Monthly Archives: July 2016

Work on TI/A quietly continues

The work on the TI/A project, to define an archive-friendly version of TIFF analogous to PDF/A, is still going, even though hardly any of it is publicly visible. Marisa Pfister’s leaving the project, along with her position at the University of Basel, was unfortunate, but others are continuing a detailed analysis of TIFF files used at various archives. This will help them to learn what features and tags are used.

The target of March 1, 2016, for a submission to ISO has been crossed out, and nothing has replaced it, but we can still hope it will happen.

The persistence of old formats

Technologies develop to a point where they’re good enough for widespread use. Once a lot of people have adopted them, it’s hard to move on from there to a still better one, since people have invested so much in a technology that works for them. We see this with cell phone communication, which is pretty good but would undoubtedly be much better if it could be invented all over today. We see it with the DVD format, which Blu-Ray hasn’t managed to push aside in spite of huge marketing efforts. And we see it in file formats.

Most of today’s highly popular formats have been around since the nineties. For images, we still have TIFF, JPEG, PNG, and even the primitive GIF format, which goes back to the eighties. In audio, MP3 still dominates, even though there are now much better alternatives.

This is a good thing in many ways. If new, improved formats displaced old ones every five years, we’d be constantly investing in new software, and anyone who didn’t upgrade would be unable to read a lot of new files. Digital preservation would be a big headache, as archivists would need to migrate files repeatedly to avoid obsolescence.

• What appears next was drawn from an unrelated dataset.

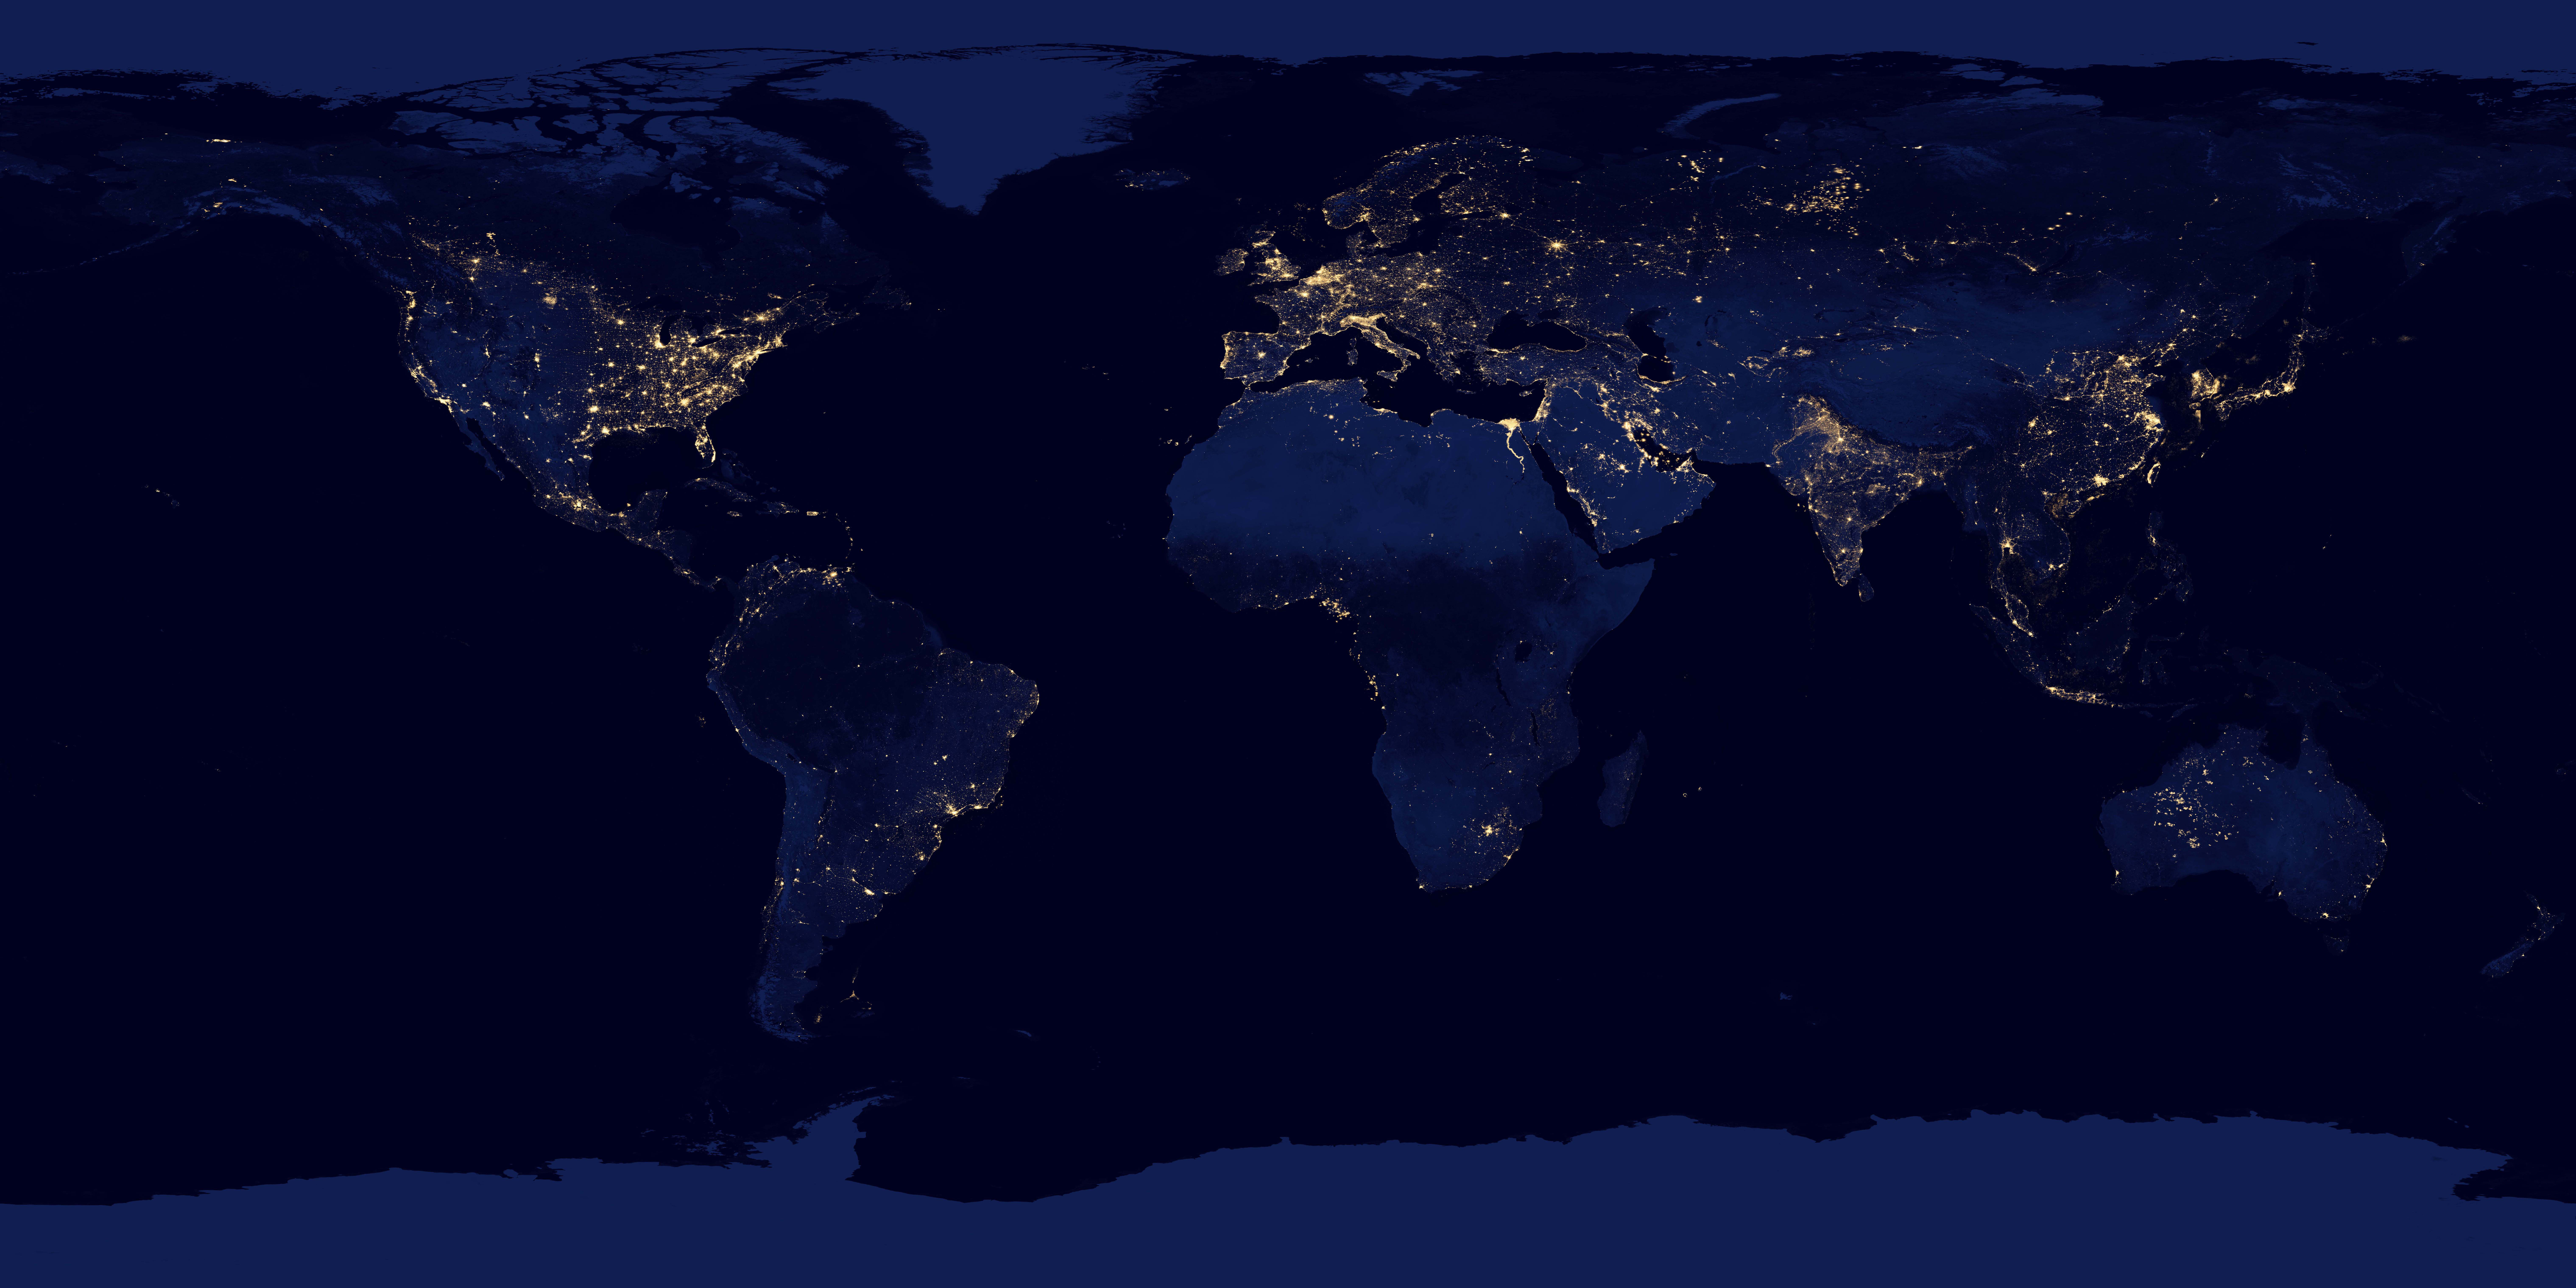 General 12150x6075 Earth continents satellite photo night city lights low light digital art

It does mean, though, that we’re working with formats that have deficiencies which often have grown in importance. JPEG compression isn’t nearly as good as what modern techniques can manage. MP3 is encumbered with patents and offers sound quality that’s inferior to other lossy audio formats. HTML has improved through major revisions, but it’s still a mess to validate. For that matter, we have formats like “English,” which lacks any spec and is a pile of kludges that have accumulated over centuries. Try finding support for supposed improvements such as Esperanto anywhere.

It’s a situation we just have to live with. The good enough hangs on, and the better has a hard time getting acceptance. Considering how unstable the world of data would be if this weren’t the case, it’s a good thing on the whole.

The steep road to supporting the PDF format

A lot of applications claim they can display PDF files, but not all of them fully support the format. They won’t necessarily display all valid files correctly. The PDF Association has an article discussing this problem, with the main focus on the Microsoft Edge browser.

Edge offers only partial support for the JBIG2Decode and JPXDecode filters, which means some objects might not display. It doesn’t support certain types of shadings, so other objects could render incorrectly.

The strength of PDF is supposed to be that it will render the same way everywhere. You can blame Microsoft for not putting enough work into it, or Adobe for making the format too complex. I have enough experience with it to know it’s a seriously difficult format just to analyze, to say nothing of rendering. Is a format which presents such difficulties really the ideal for a universal document rendering format that people will count on far into the future?

Update: It gets worse. Take a look at this discussion of what’s in PDF.